Abstract

Each of three known hormonal inducers of hepatic histidase ( l-histidine ammonia-lyase, EC 4.3.1.3), glucocorticoid, glucagon and estrogen, elicits a unique regulatory pattern during postnatal development of the rat: (1) In the male, glucocorticoid augments hepatic histidase activity during immaturity, the stage during which basal enzyme levels are low and rising; as maturity is approached and the enzyme has plateaued at its adult value, hepatic histidase becomes refractory to glucocorticoidal control. Hepatic histidase induction by adrenal corticoid also occurs in the immature female, however, thereafter there is a gradual inversion, in which glucocorticoid, by counteracting estrogenic induction of hepatic histidase, suppresses the high enzyme levels of the adult female. (2) In contrast, glucagon is capable of enhancing hepatic histidase at all postnatal stages in the male; in the intact adult female, however, glucagon also slightly suppresses this enzyme. Dibutyryl adenosine 3′,5′-monophosphate (dibutyryl cyclic AMP), administered with the inhibitor of its diesterase, theophylline, reproduces the inductive effects of glucagon. (3) Estrogen manifests yet a third developmental pattern of liver histidase regulation.

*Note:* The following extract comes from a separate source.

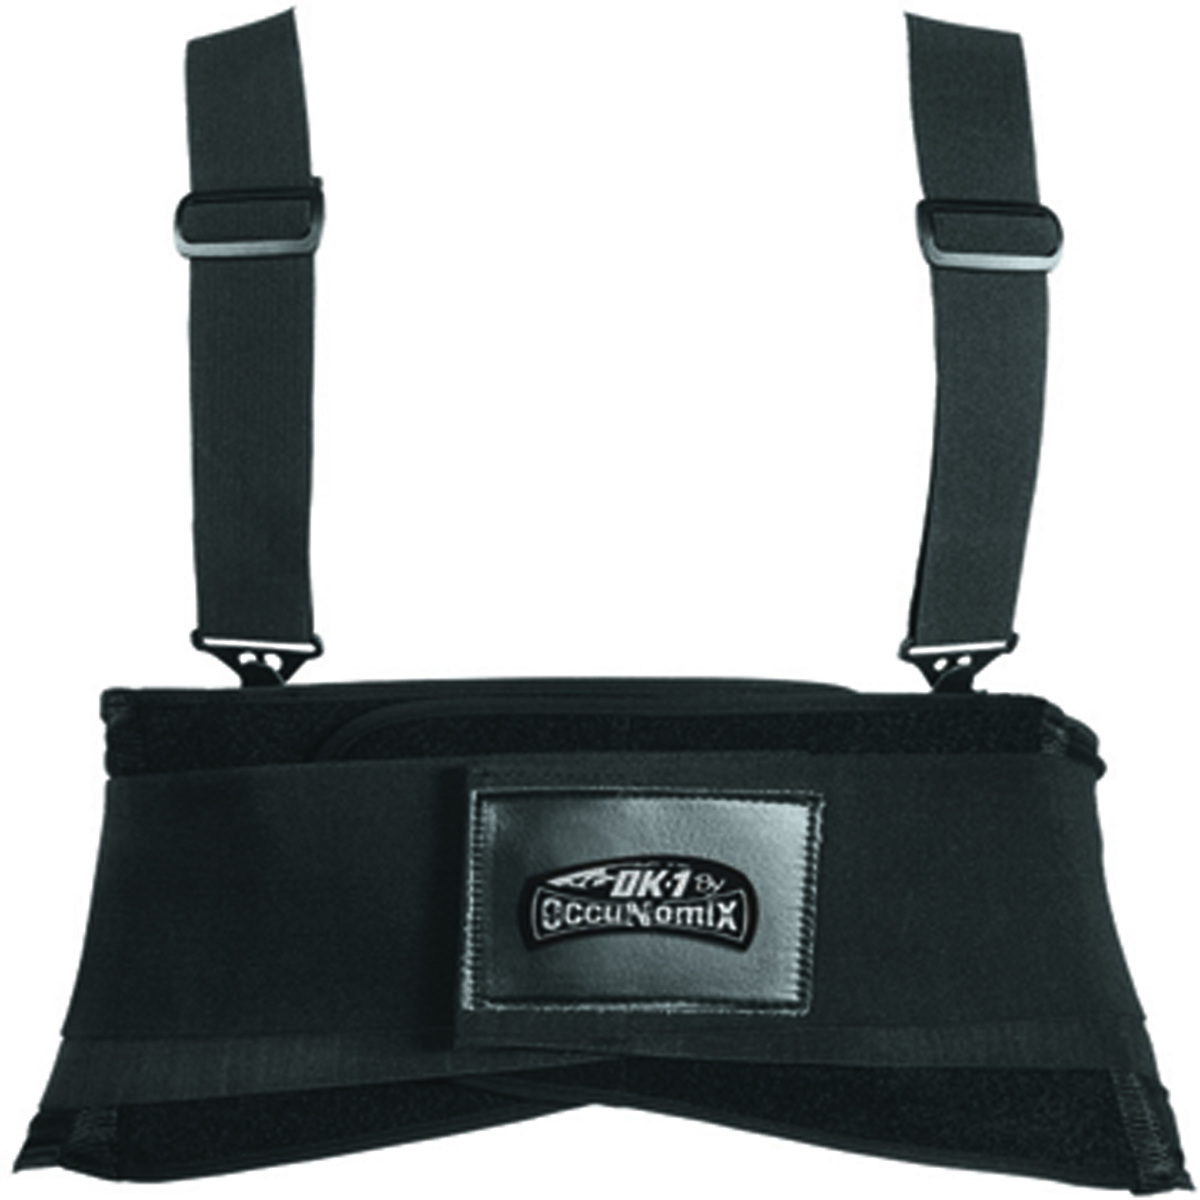 OccuNomix Small Black OK-1 Polyester/Rubber Back Support

During the first neonatal month, hepatic histidase is refractory to estrogenic induction, following which the liver develops competence to respond to estrogen with induced levels of the enzyme, an attribute which is maintained throughout postnatal life. Unlike estrogenic induction of hepatic histidase, which requires pituitary integrity, enhancement of this enzyme in immature animals by glucocorticoid and glucagon occurs in hypophysectomized animals. Administration of actinomycin D, cycloheximide or ethionine, each prevents induction of hepatic histidase by each of these hormones, indicating mandatory requirements for continued RNA and protein syntheses in each case. The three inducing hormones, injected at maximal dosages, are not additive, implying that certain common rate-limiting step(s), possibly transcriptional and/or translational, underly all three inductions.